Hintergrund des Christopher Street Day
Der Christopher Street Day erinnert an den Aufstand vor allem von Schwulen gegen Polizeigewalt in der Christopher Street in New York City im Jahr 1969. In Deutschland und ganz Europa finden an verschiedenen Terminen zahlreiche Veranstaltungen der lesbischen, schwulen, bisexuellen, trans-, intergeschlechtlichen und queeren Community statt. Der Berliner CSD ruft in diesem Jahr zu „queerer Sichtbarkeit mit einem klaren Bekenntnis zu Demokratie, Menschenrechten und gesellschaftlichem Zusammenhalt“ auf.

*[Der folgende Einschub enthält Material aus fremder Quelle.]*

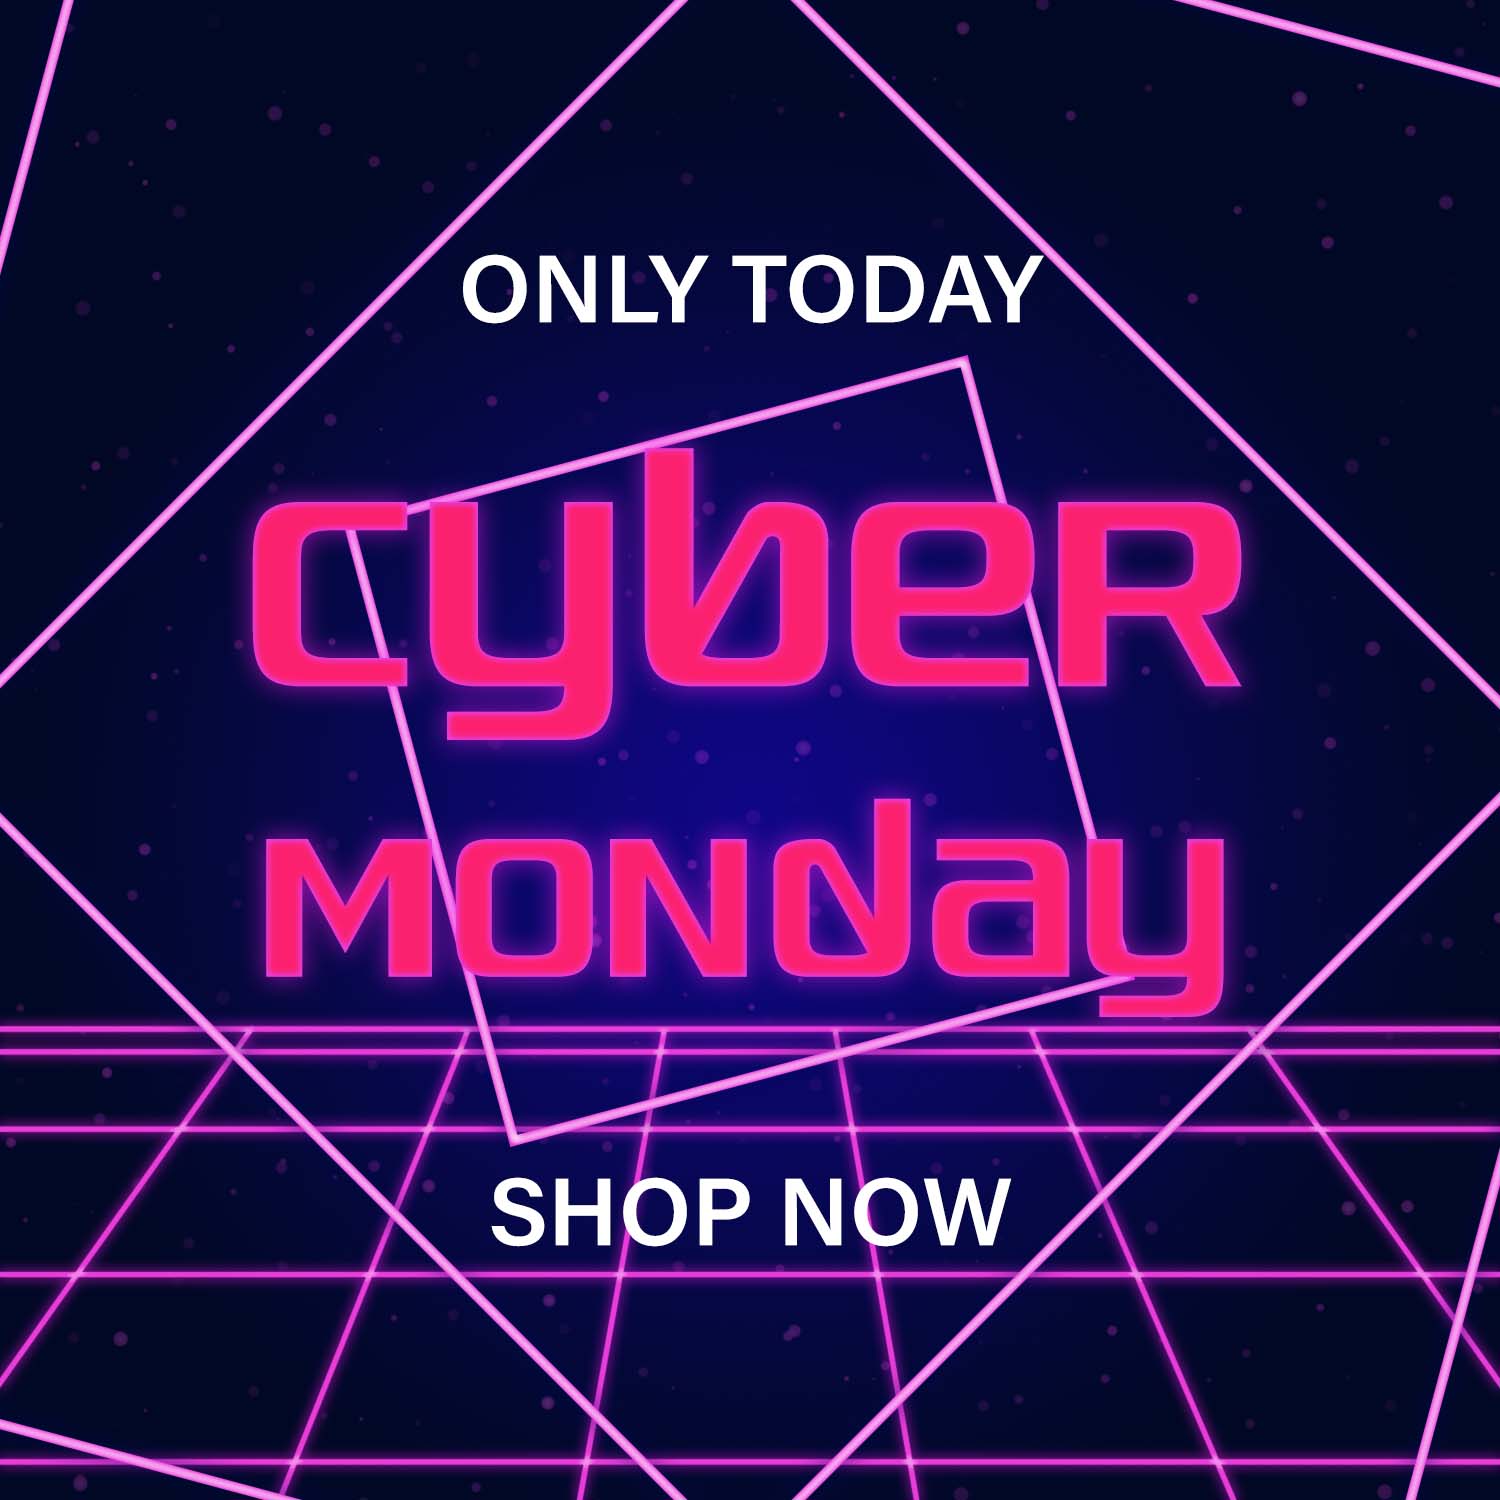 Retro Futuristic Cyber Monday Free Vector | Master Bundles

Programm am Freitag: Drag March und Demokratieabend
Zum Auftakt des CSD-Wochenendes gibt es am Freitag erstmals einen sogenannten Drag March. Er zieht am Nachmittag zum Brandenburger Tor, wo ein großes Programm zum Thema Demokratie und Gleichberechtigung geplant ist. Bei diesem „Demokratieabend“ tritt auch die Berliner Rapperin Ikkimel auf. Dragqueens sind meistens Männer, die oft im Rahmen von künstlerischen Performances Weiblichkeit darstellen oder parodieren; bei Dragkings ist es umgekehrt. Außerdem ist ein CSD-Gottesdienst mit dem Titel „Liebe braucht Community“ geplant. Zudem zieht die traditionelle Demonstration lesbischer Frauen mit dem Motto „Dyke* March Berlin“ vom Roten Rathaus nach Kreuzberg.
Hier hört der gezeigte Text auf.